Defcon CTF Quals 2011 – Pwnables 100

This challenge was on remote exploiting. The binary is for FreeBSD.

binary

Summary: buffer overflow, jump to shellcode (bruteforce address)

The given program is a forking tcp server. Client serve function:

int __cdecl client_sub(int sock)
{
  char buf[100]; // [sp+28h] [bp-80h]@7
  int n_to_read; // [sp+8Ch] [bp-1Ch]@1
  int (*p_fprintf)(int, const char *, ...); // [sp+90h] [bp-18h]@1
  int (__cdecl *p_read_until)(int, int, unsigned int, char);
  int *step; // [sp+98h] [bp-10h]@1
  int i; // [sp+9Ch] [bp-Ch]@3
  char *ptr; // [sp+A4h] [bp-4h]@1

  n_to_read = 100;
  p_fprintf = fprintf;
  p_read_until = read_until;
  
  step = 0;

  ptr = malloc(0x20u);
  read_until(sock, ptr, 0x20u, 10);
  if ( strncmp(ptr, "tomod@chi4j00l333people$", 0x20u) ) {
    free(ptr);
    return 0;
  }

  free(ptr);
  for (i = 0; i <= 19; ++i) {
    switch (i) {
    case 0:
      step = magic(&step0, sock, 0, 0, p_fprintf, p_read_until);
      break;
    case 1:
      step = magic(&step2a, sock, 101, buf, p_fprintf, p_read_until);
    case 18:
      step = magic(&step2, sock, n_to_read, buf, p_fprintf, p_read_until);
    default:
      if ( !step )
        break;
      step = magic(step, sock, n_to_read, buf, p_fprintf, p_read_until);
    }
  }
  return 0;
}

Ok, we see that it checks for a hardcoded password ( tomod@chi4j00l333people$ ).

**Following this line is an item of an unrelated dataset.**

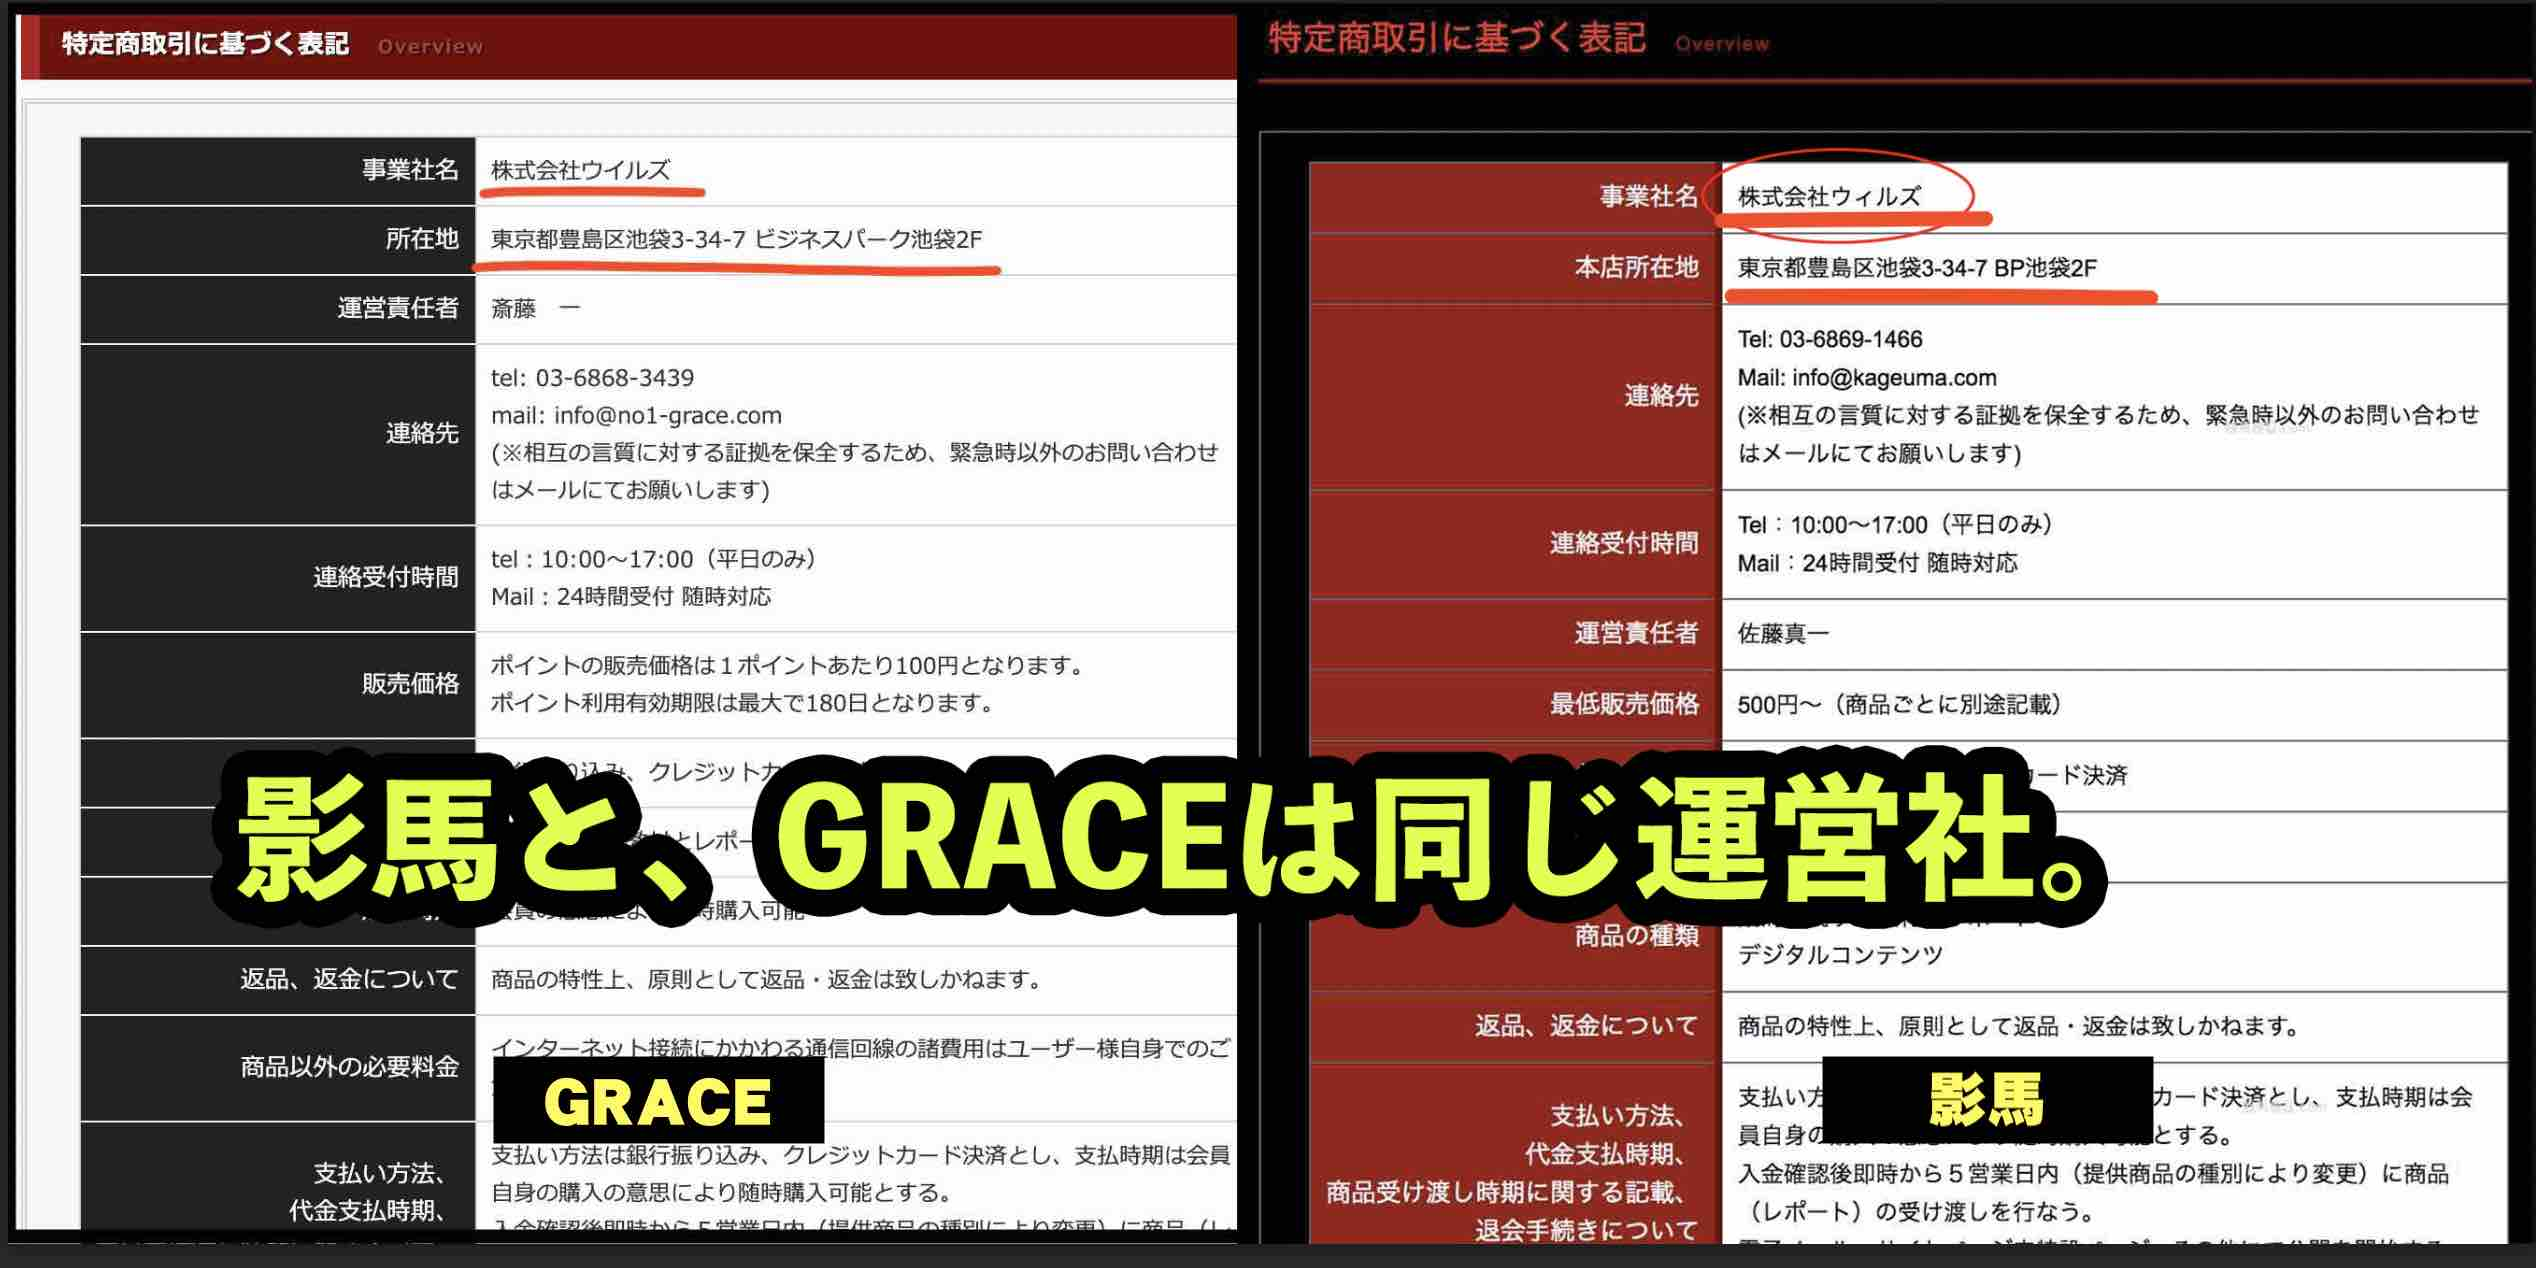 GRACE(グレイス)という競馬予想サイトは影馬と同じ運営

Let’s see what actually happens then:

$ nc 192.168.56.3 3555
tomod@chi4j00l333people$
Your baby hacker is born...
Whare are you going to name your little hackerling?
hellman  # <- this is my input
Your hackerling is hungry. What shall you feed it?
0. Kit kat bar
1. Jolt
2. deadbeef
0
Wrong choice

Well, it’s not hard to get the right answer, it’s 1. Jolt:

Your hackerling is hungry. What shall you feed it?
0. Kit kat bar
1. Jolt
2. deadbeef
1
OMG whatd you do your hacker just dropped an 0day and not the profitable type
Poor hackerling is sick.. Drugs?
0. Provigil
1. The Cloud
2. Booze
3. Viagra from that sweet spam ad...
3
Poor hackerling is sick.. Drugs?

The second question is repeated 14 times and the answer is 3. After all questions we have this:

Congrats your hackerling is 18... he wants to change his name though
hellman2  # <- my input again
After turning 18 and changing his name, the little hackerling jumps off a rock at havisu and dies. Spring break!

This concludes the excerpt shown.